OLD LYME, CT. _ The coast belongs to the rich.
Of course, we'd known this before driving from Niantic to Old Saybrook, a stretch of Connecticut coastline where Long Island Sound meets the open ocean.
But seeing is believing, and in 25 miles or so, we saw mansions galore fronting the water, with little roadside signs warning passersby against coming any closer.
"BMW in the driveway," Uncle Chet advised as we approached another cedar-shake behemoth overlooking the slate-blue sea.
"I don't even think that's the house," Alice said.
"Look at that one behind it."
"Looks like a country club,"
I peered at an elegant three-story brick edifice surrounded by six-foot-tall privets and flower gardens.
"You'd need a staff just to keep the lawn mowed," Alice said.
"I'd be happy with the garage," Hon said.
"Me, too," Buddy said. "Can we buy the garage?"
"As soon as we find a million dollars," I said.
"Way off," Uncle Chet said. "Even a little shanty like the one we're in would cost a quarter million. I'll bet that garage and an acre around it would go for 10."
"One million, 10 million; what's the difference?" I said. "Buying anything within sight of the water is out of the question."
We kept driving, on our way back to the little rental cottage we had taken at Hawks Nest Beach. Here, the remnants of the middle class return each summer to recharge their batteries in the salt air.
Since the late 19th century, the Garvin family has held this precious waterfront, building efficient three- and four-bedroom cottages on the beach and in four rows behind it. If you want to go to sleep to the rhythm of the waves and wake up to an ocean view, you may pay $3,000 a week.
But if you're willing to walk a hundred yards, carrying your beach chairs and umbrella, a party of eight can rent a cottage for about $1,800 a week.
Naturally, we walk, and in our party, everyone contributes to the kitty.
It seems to work the same way in the other households here, as generations gather at the shore _ grandparents, teenagers, parents, toddlers _ down by the water during the day and sit on large screened front porches as the sun goes down.

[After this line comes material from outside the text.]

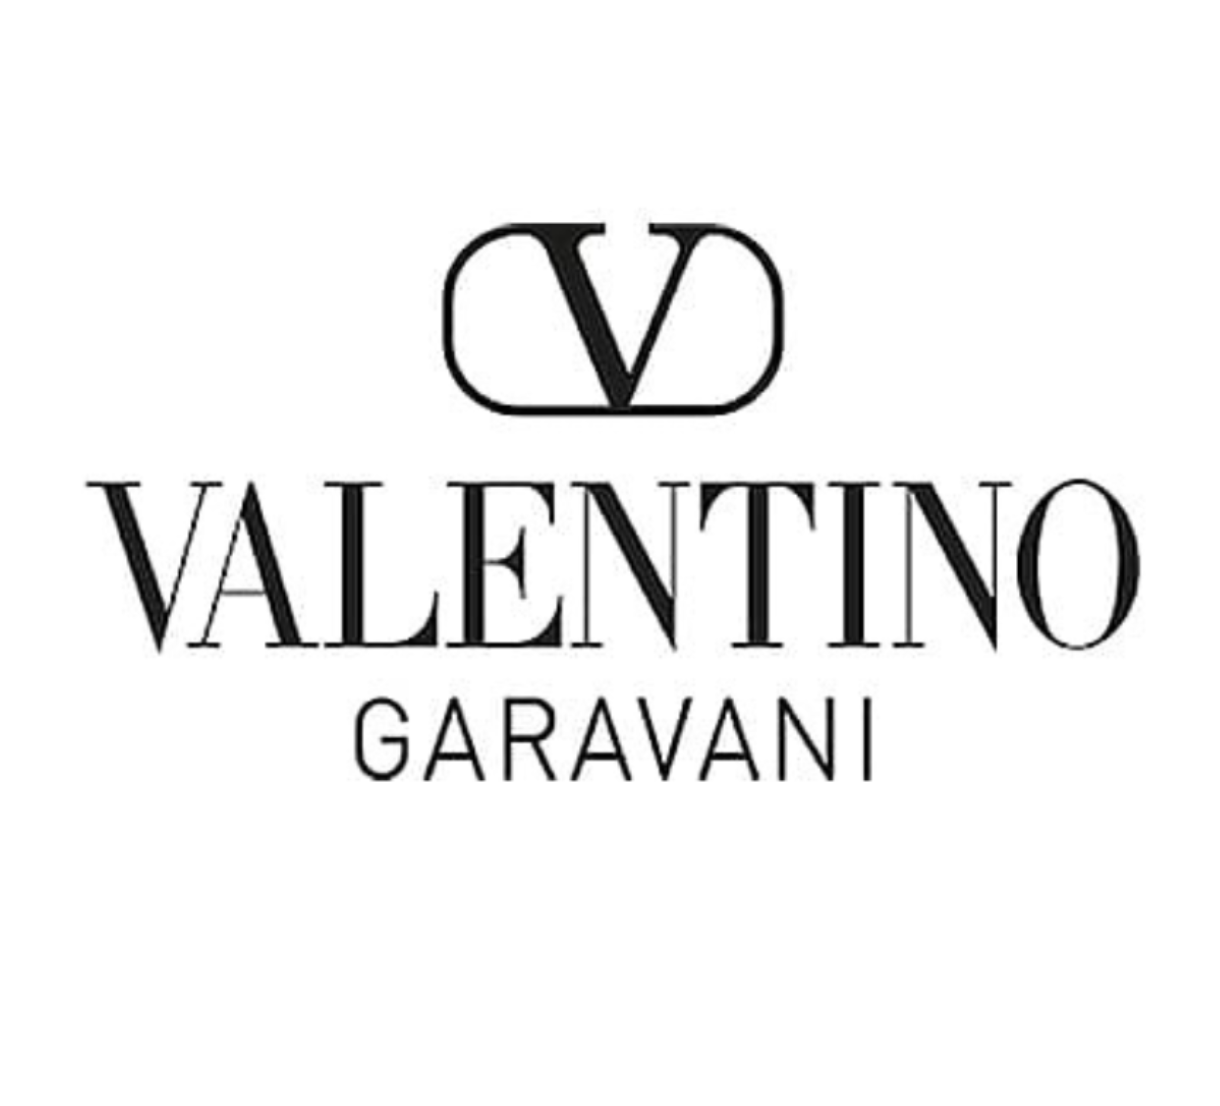 Valentino Garavani

No one locks their door. Kids run freely from yard to yard and ride bicycles everywhere as if this were America in 1955. Neighbors do look out for each other, and no one drives faster than a crawl on expeditions for groceries and sightseeing.

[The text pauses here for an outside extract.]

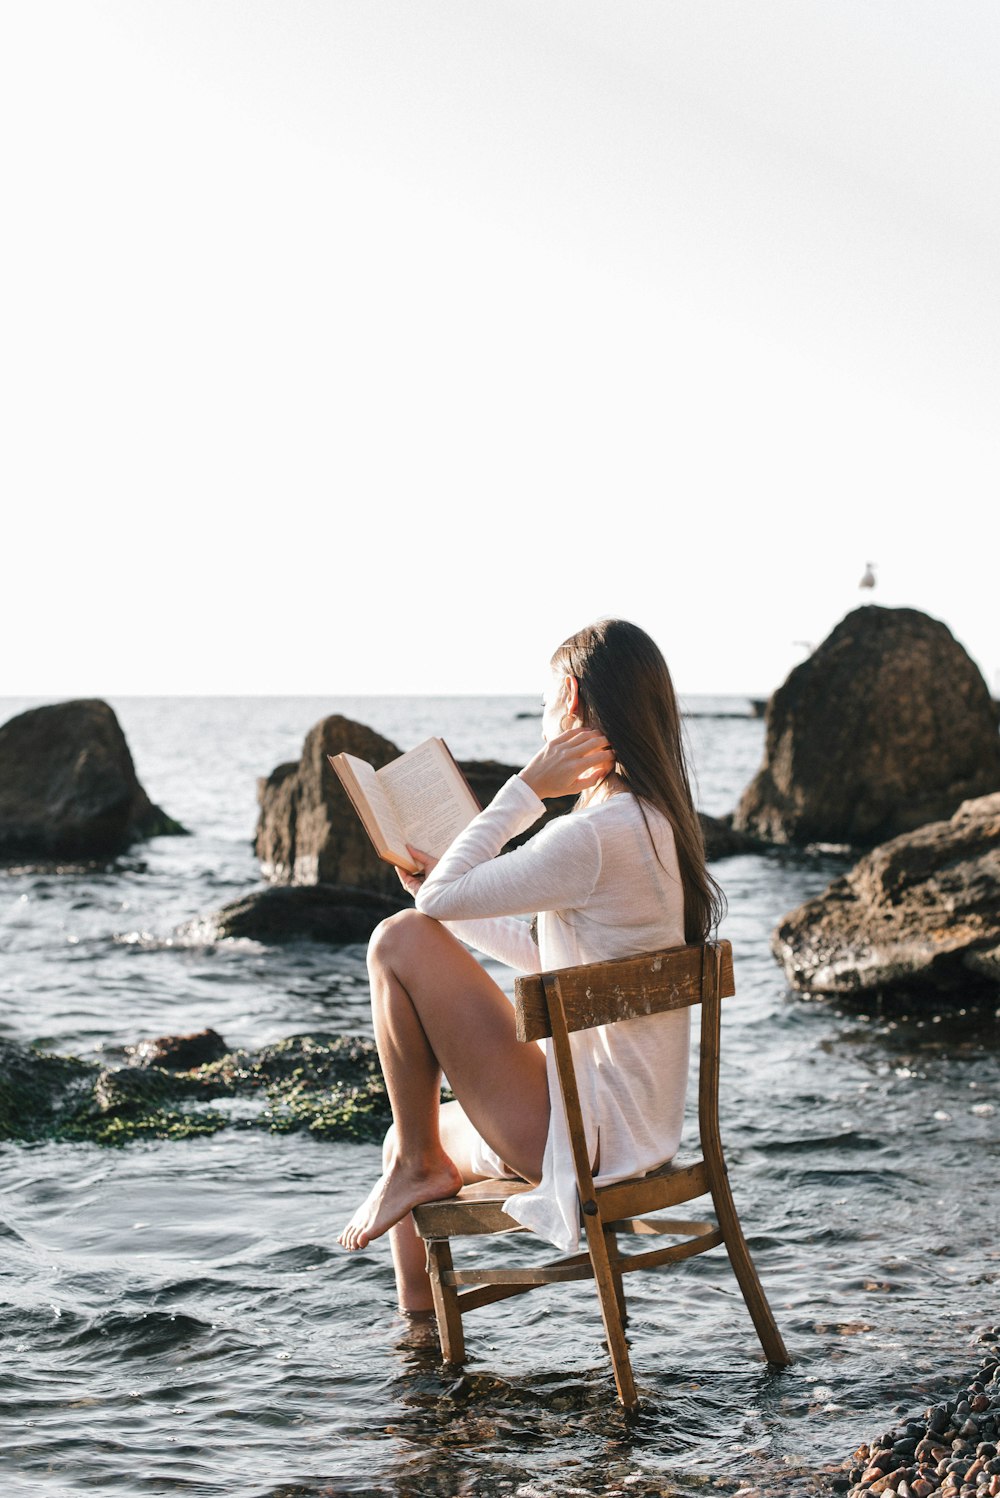 donna in abito bianco che si siede sulla sedia di legno marrone che legge il libro sulla spiaggia durante il giorno

Our sightseeing jaunt took just an hour and a half, but we all breathed easier as soon as we got out of the car.
"Can we go to the beach now?" Buddy asked.

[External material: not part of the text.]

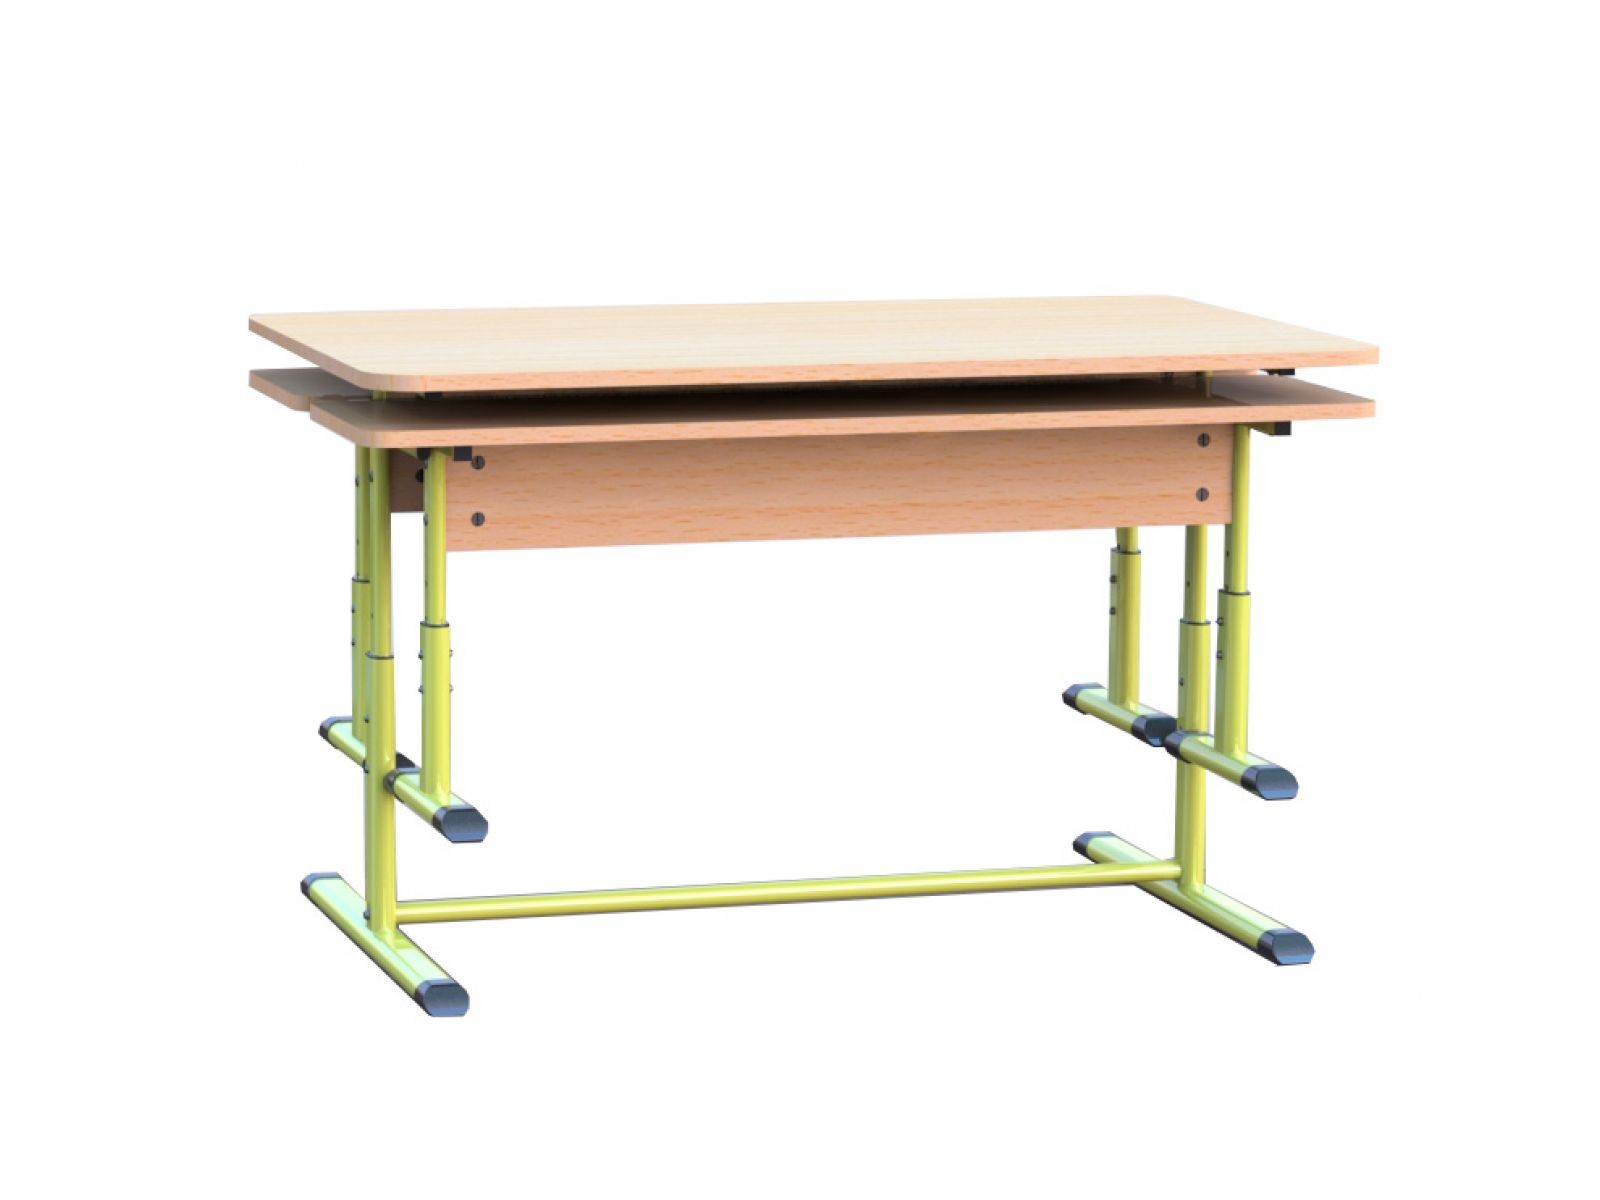 столы и стулья для школьной столовой

"As soon as you find your bathing suit and sun hat," I said.
"Who else is coming?" Alice asked.
"Bruce and the girls are already down there," Hon said.
"I'm going," I said.
"Me, too," Uncle Chet said and disappeared into his room to change.
A few minutes later, we grabbed some beach chairs and headed to the water, ready to soak up the sun and a superb view of eastern Long Island. Sailboats, kayaks and a few motorboats dotted the Sound, braving the white caps and strong current.
Our neighbors on either side of the little roadway were pouring out of their porches, as well, carrying towels, boogie boards and rafts, getting their money's worth in this hottest year in recorded history.
"Can you imagine if the whole world looked like this?" Uncle Chet asked. "Everyone in a similar house? I mean, some houses nicer and bigger than others, but nothing, say, 100 times better than average, and no one homeless. Would that lead to world peace, universal health care and longer, more contented lives?"
"It would, but they'd call it communism," I said.
"There's a dirty word," Uncle Chet said. "A much better one would be community."